Trade-offs, Constraints, and Considerations

Orchid is a lot simpler than other workflow engines, designed to be easy to understand and a low number of lines of code. This simplicity comes with trade-offs and constraints that users should be aware of:

  • Fixed Activity Interface: For simple fault tolerance, all activities must adhere to a simple interface with an input and output byte array. This design choice simplifies the implementation but may require additional logic for complex data types client side.
  • Parallelism via Merge Points: Orchid focuses primarily on serial workflow execution, but parallelism can be achieved through merge points where multiple branches converge into a single node. This implies that every workflow ends with a single node, which can be a merge point where parallel branches converge.
  • Idempotency and Error Handling: Orchid ensures that workflows and activities have unique execution IDs to prevent duplicate processing. All activities are executed at-least-once, so they MUST BE idempotent to ensure that retries do not cause unintended side effects. Pass the ActivityToken to external systems to ensure idempotency and fault tolerance.
  • Atomicity and Side Effects: Activities SHALL perform atomic operations, non-atomicity (like partial database updates) may leave the system in an inconsistent state if they fail midway.
  • Avoid shared mutable state in Activities: Activities SHOULD NOT share mutable state between them, as this can lead to race conditions and data corruption. Use the context package to pass data between activities, atomic datastores or synchronization primitives for shared state.
  • Execution and Recovery Trade-off: If an optional persister is provided, Orchid can recover the state of workflows after failures.
    • Note that passing objects in NodeConfig DOES NOT Work for Restoration. NodeConfig is included in the serialized form of the workflow when exporting or persisting the workflow. The NodeConfig must be serializable into JSON along with the rest of the workflow data.
    • Further to note, the NodeConfig is currently stored in plaintext JSON in the persister.
  • Distributed Execution: Clients can utilize the Activity interface to implement an executor pattern for remote execution of tasks. Each activity executes with a stable ActivityToken that can be used to register callbacks for human-in-the-loop scenarios. The token will be restored in failure cases to ensure the workflow can continue.

Usage

Install the package:

go get github.com/kyodo-tech/orchid

Define a Workflow: Create a new workflow and add nodes (tasks) and edges (data routes) to define the processing steps and how data moves between them.

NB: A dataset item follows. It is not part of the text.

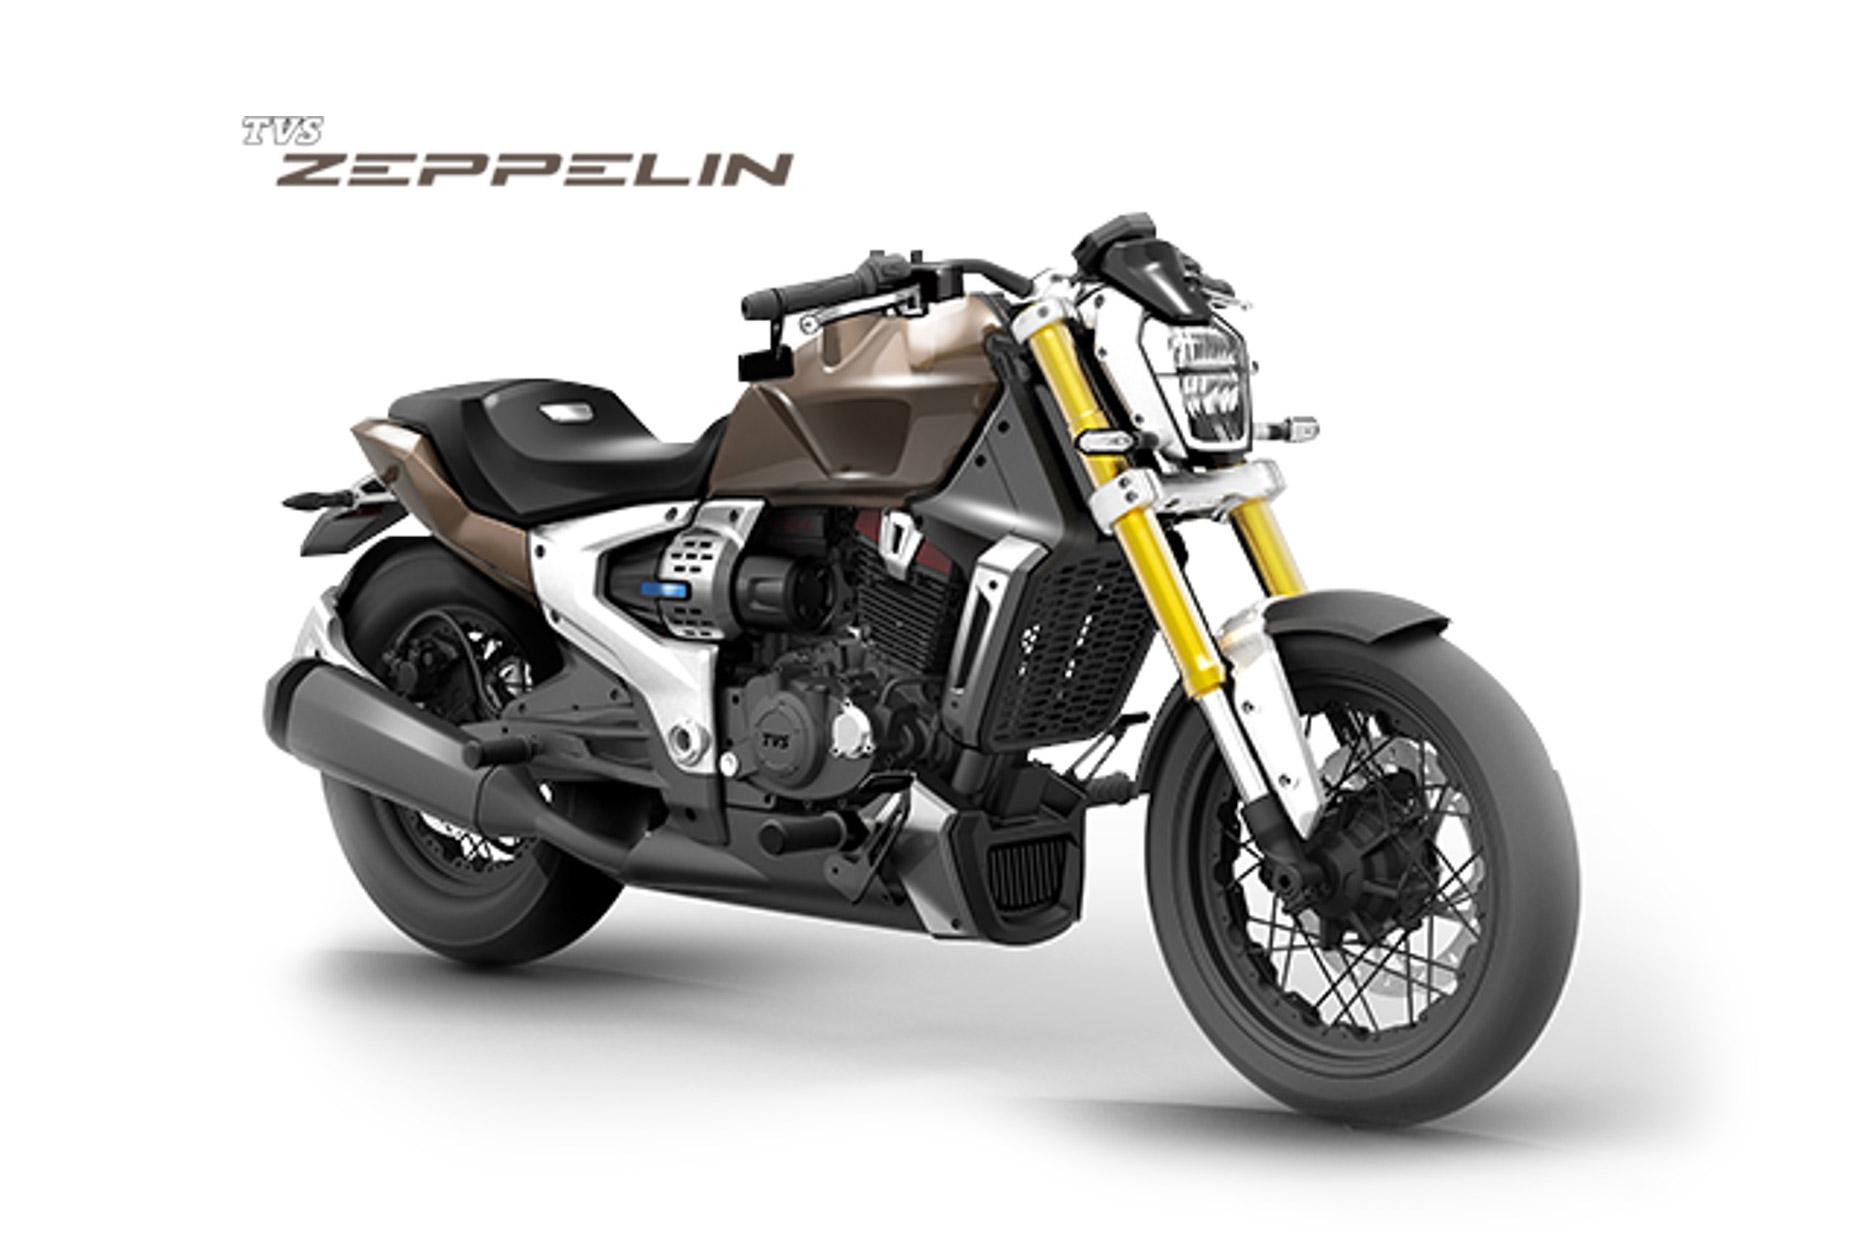 Bmw Cruiser Motorcycle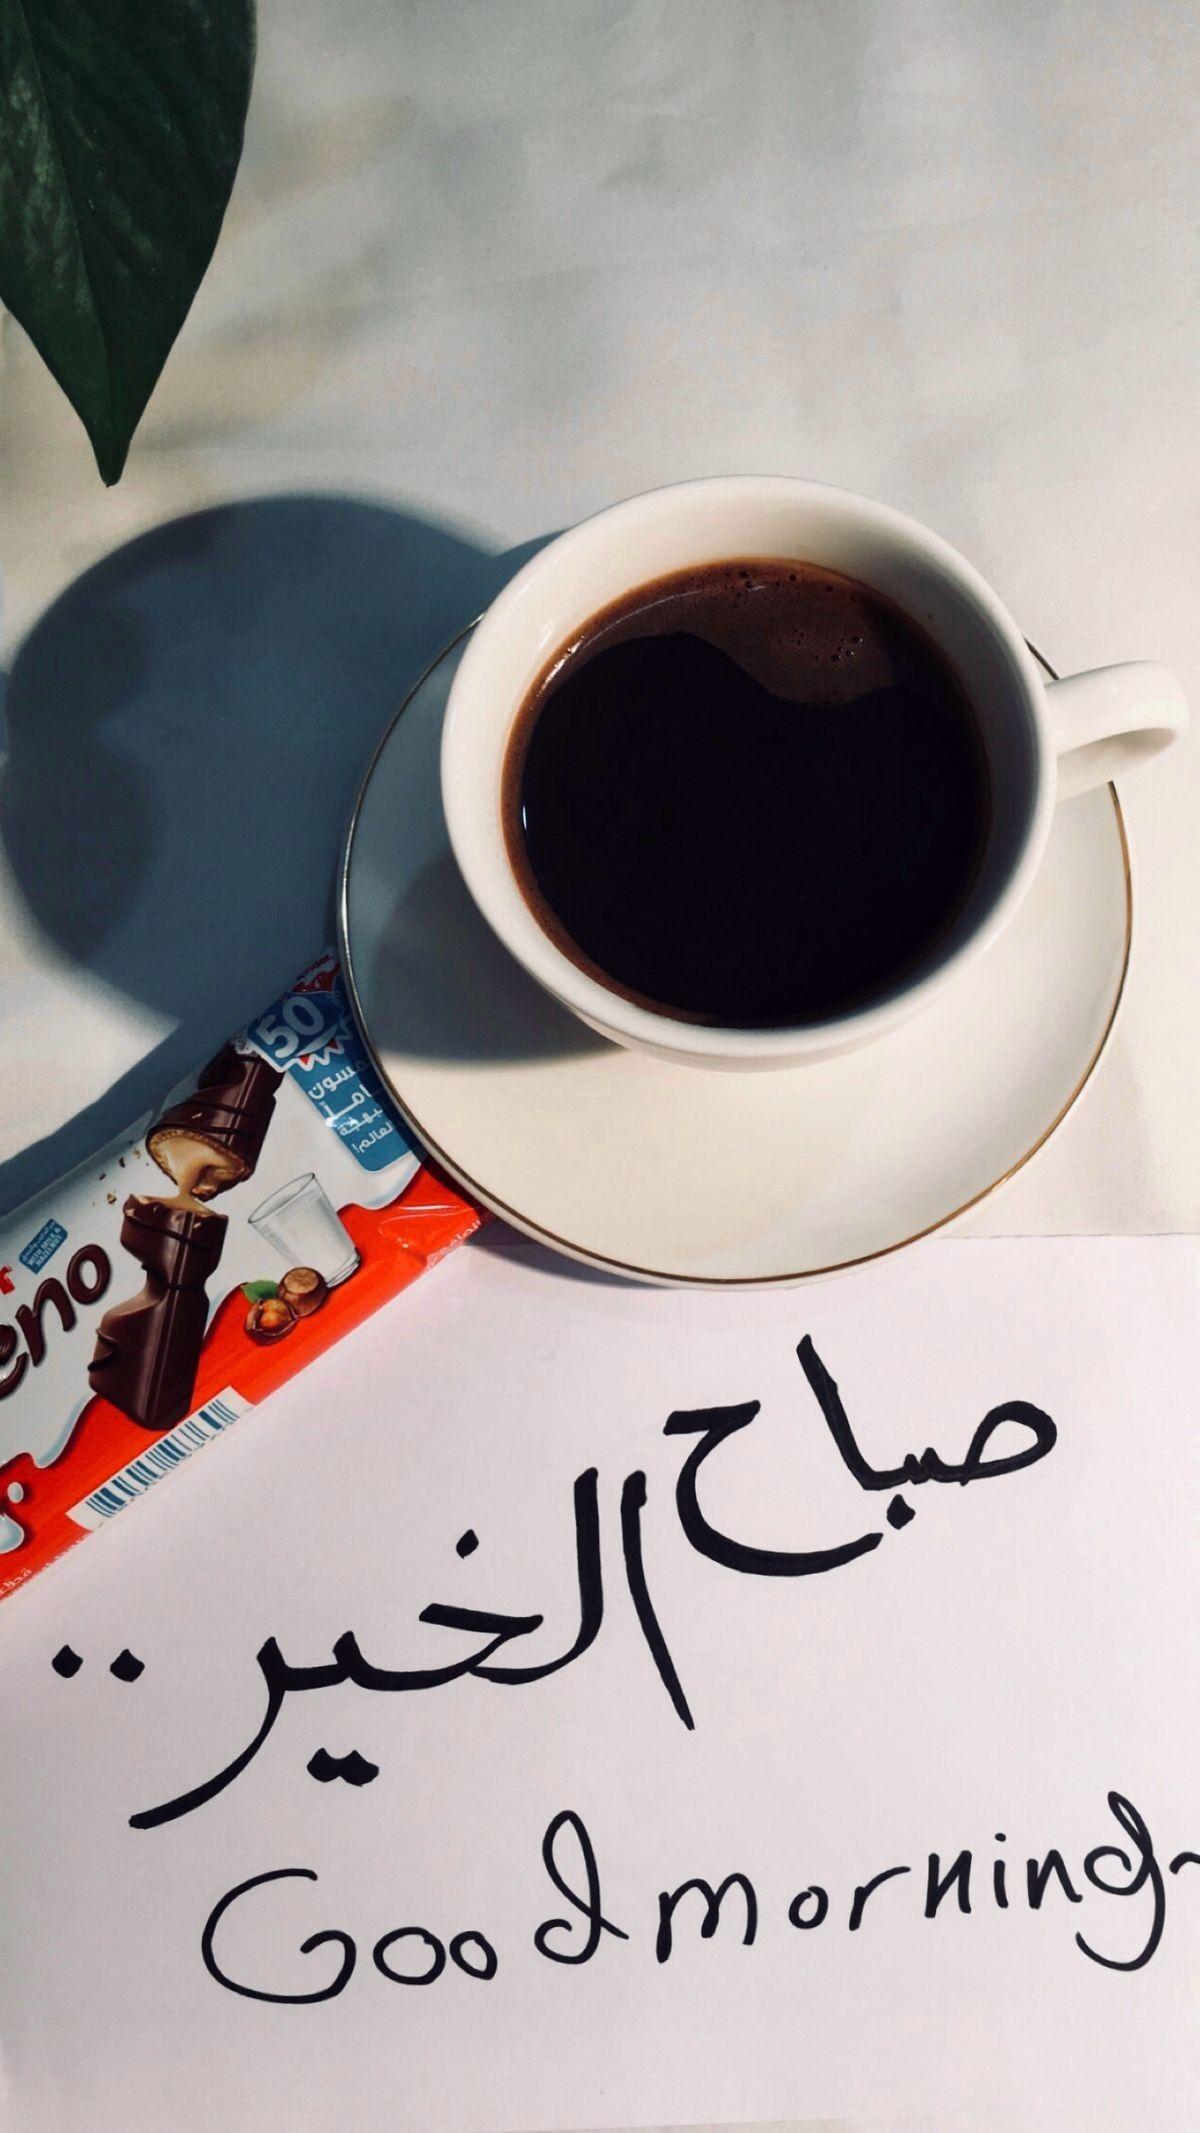 صباح الخير اصبحنا واصبح الملك لله والحمد لله Good Morning Coffee Good Morning Beautiful Quotes Coffee Quotes

wf := orchid.NewWorkflow("example_workflow")
wf.AddNode(orchid.NewNode("task1"))
wf.AddNode(orchid.NewNode("task2"))
wf.Link("task1", "task2")

Or use the fluent API for linear use cases:

wf := orchid.NewWorkflow("example_workflow").
    AddNode(orchid.NewNode("task1")).
    Then(orchid.NewNode("task2"))

Implement an Activity: Define the logic for each task in the workflow.

func task1Handler(ctx context.Context, input []byte) ([]byte, error) {
    // Task logic here
    return output, nil
}

Execute the Workflow: Initialize the orchestrator, register task handlers, and execute the workflow.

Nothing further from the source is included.